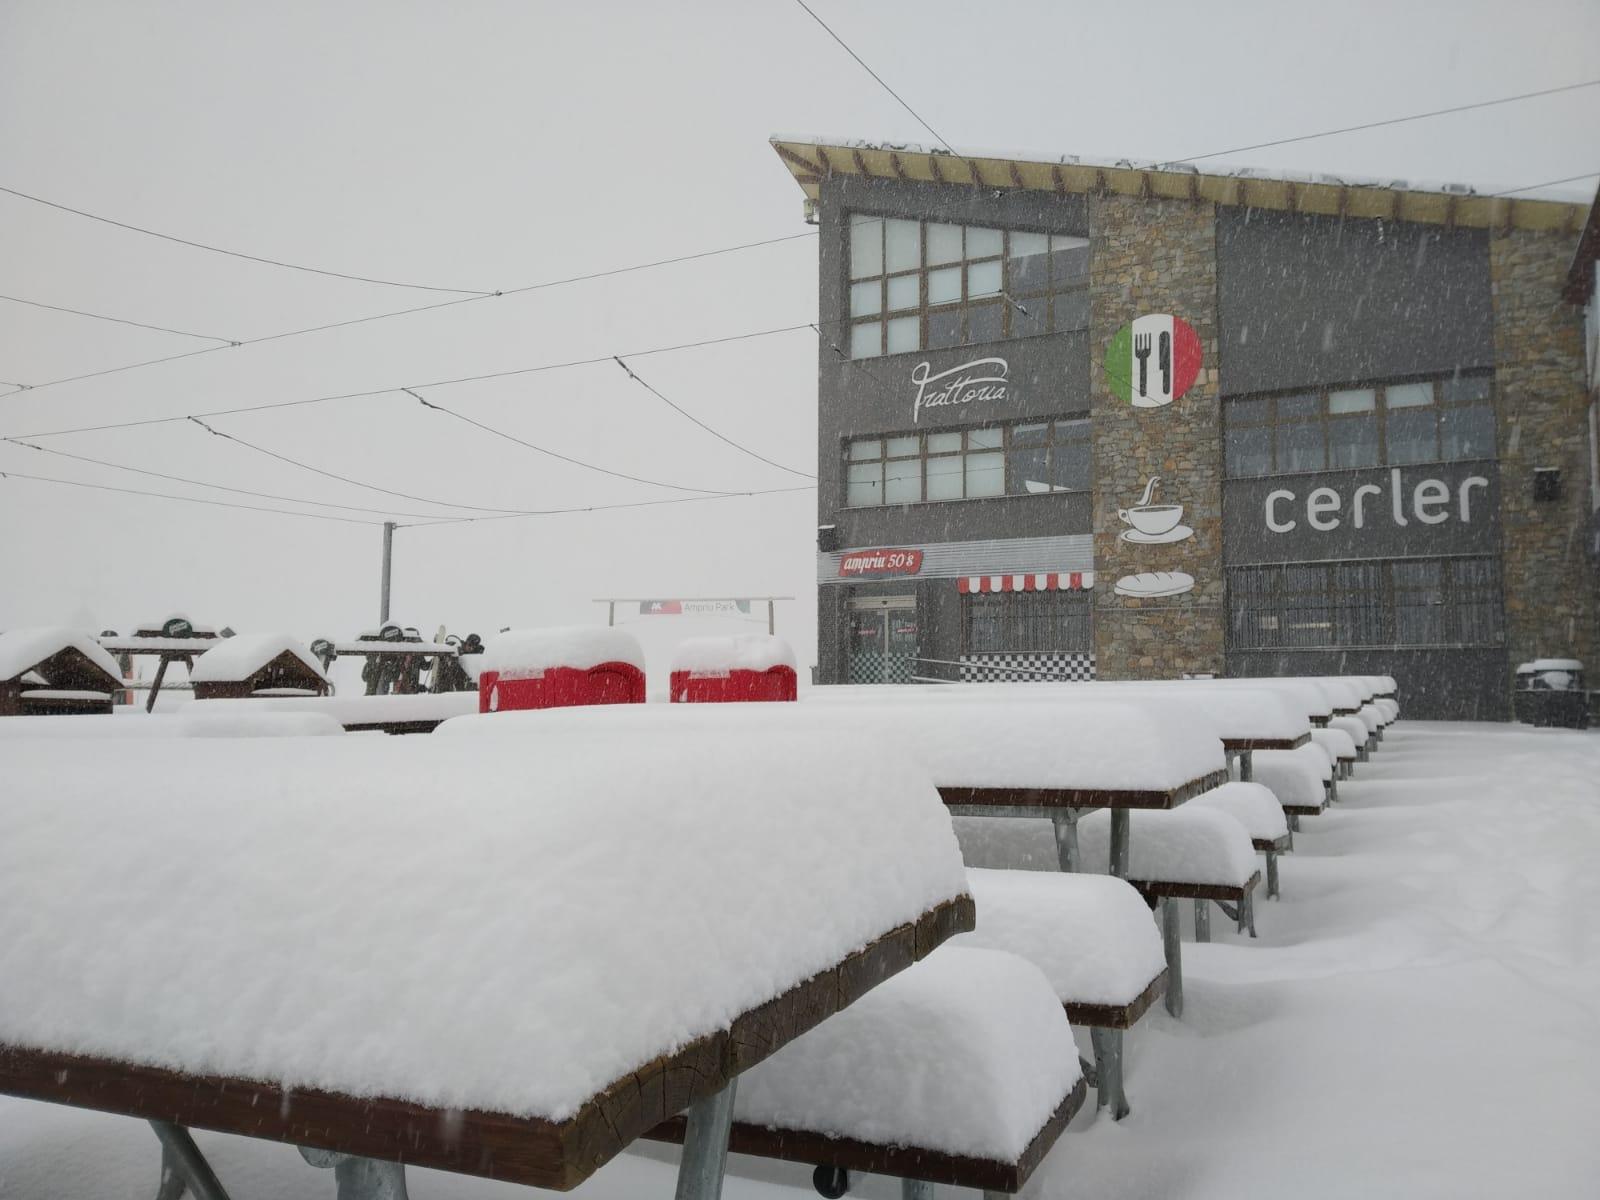 ¡Nieve fresca en Aramón! Vente a disfrutar este finde del nevadón
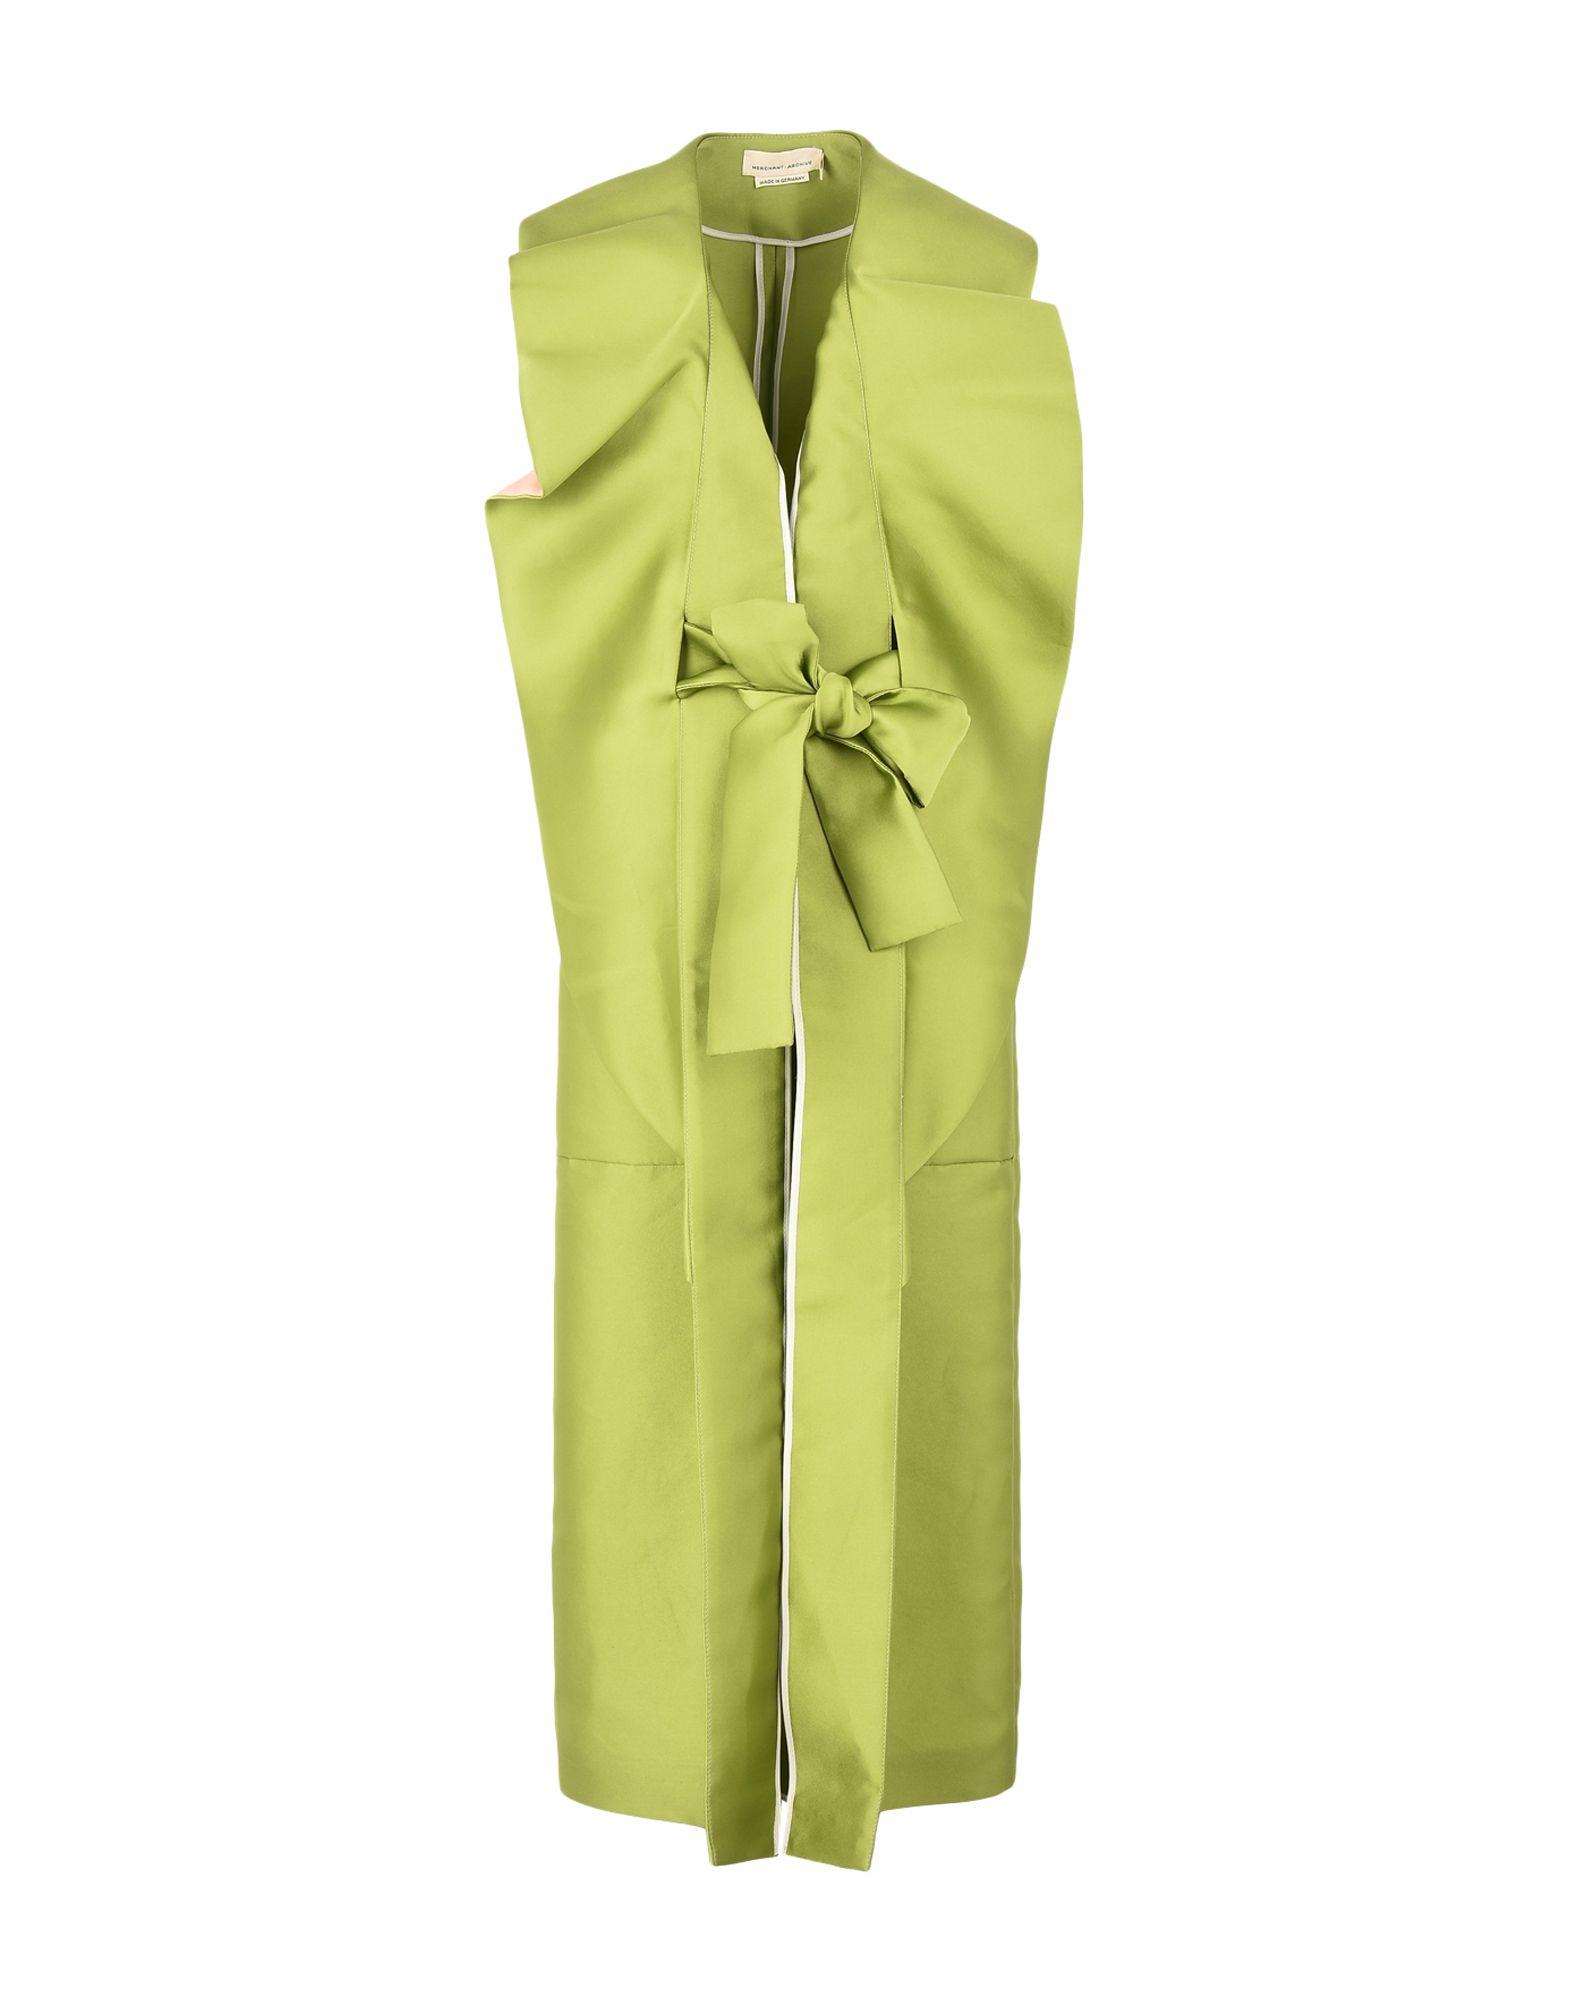 MERCHANT ARCHIVE Overcoats in Green
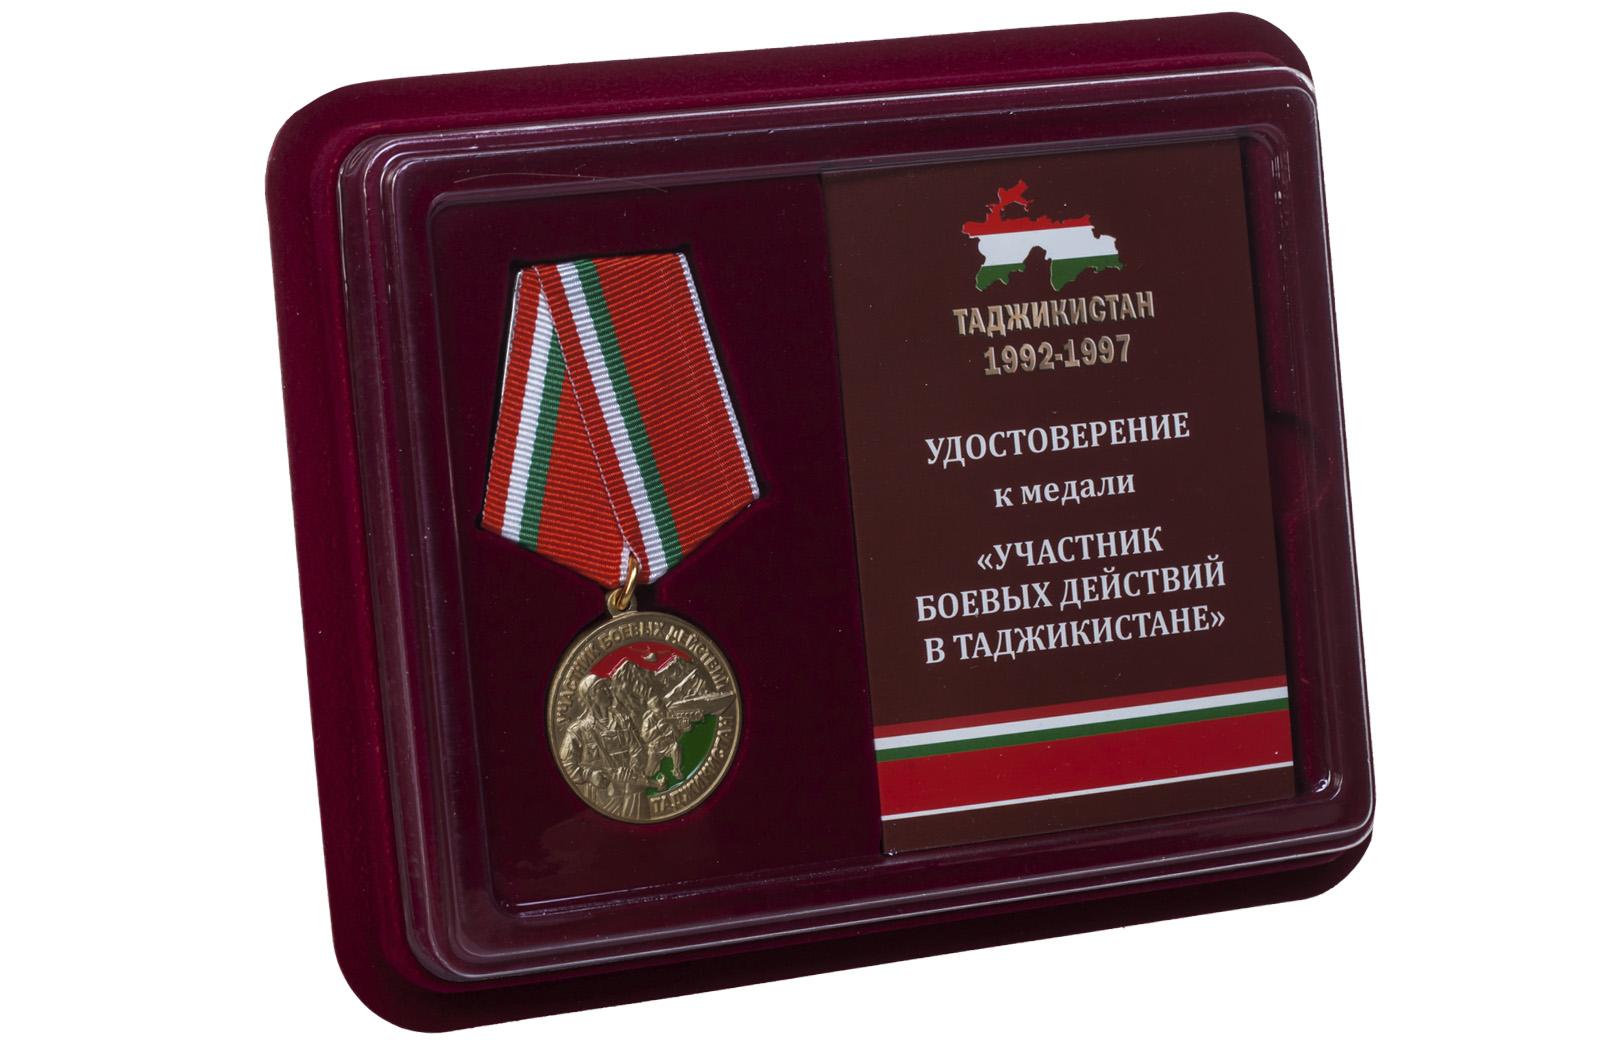 Купить медаль Участнику боевых действий в Таджикистане 1992-1997 гг с доставкой

■ YOUR ASSIGNMENT: Every line above should be copied exactly, apart from any pictures.

■ OUTPUT BELOW:
 ¡Nieve fresca en Aramón! Vente a disfrutar este finde del nevadón
 MERCHANT ARCHIVE Overcoats in Green
 Купить медаль Участнику боевых действий в Таджикистане 1992-1997 гг с доставкой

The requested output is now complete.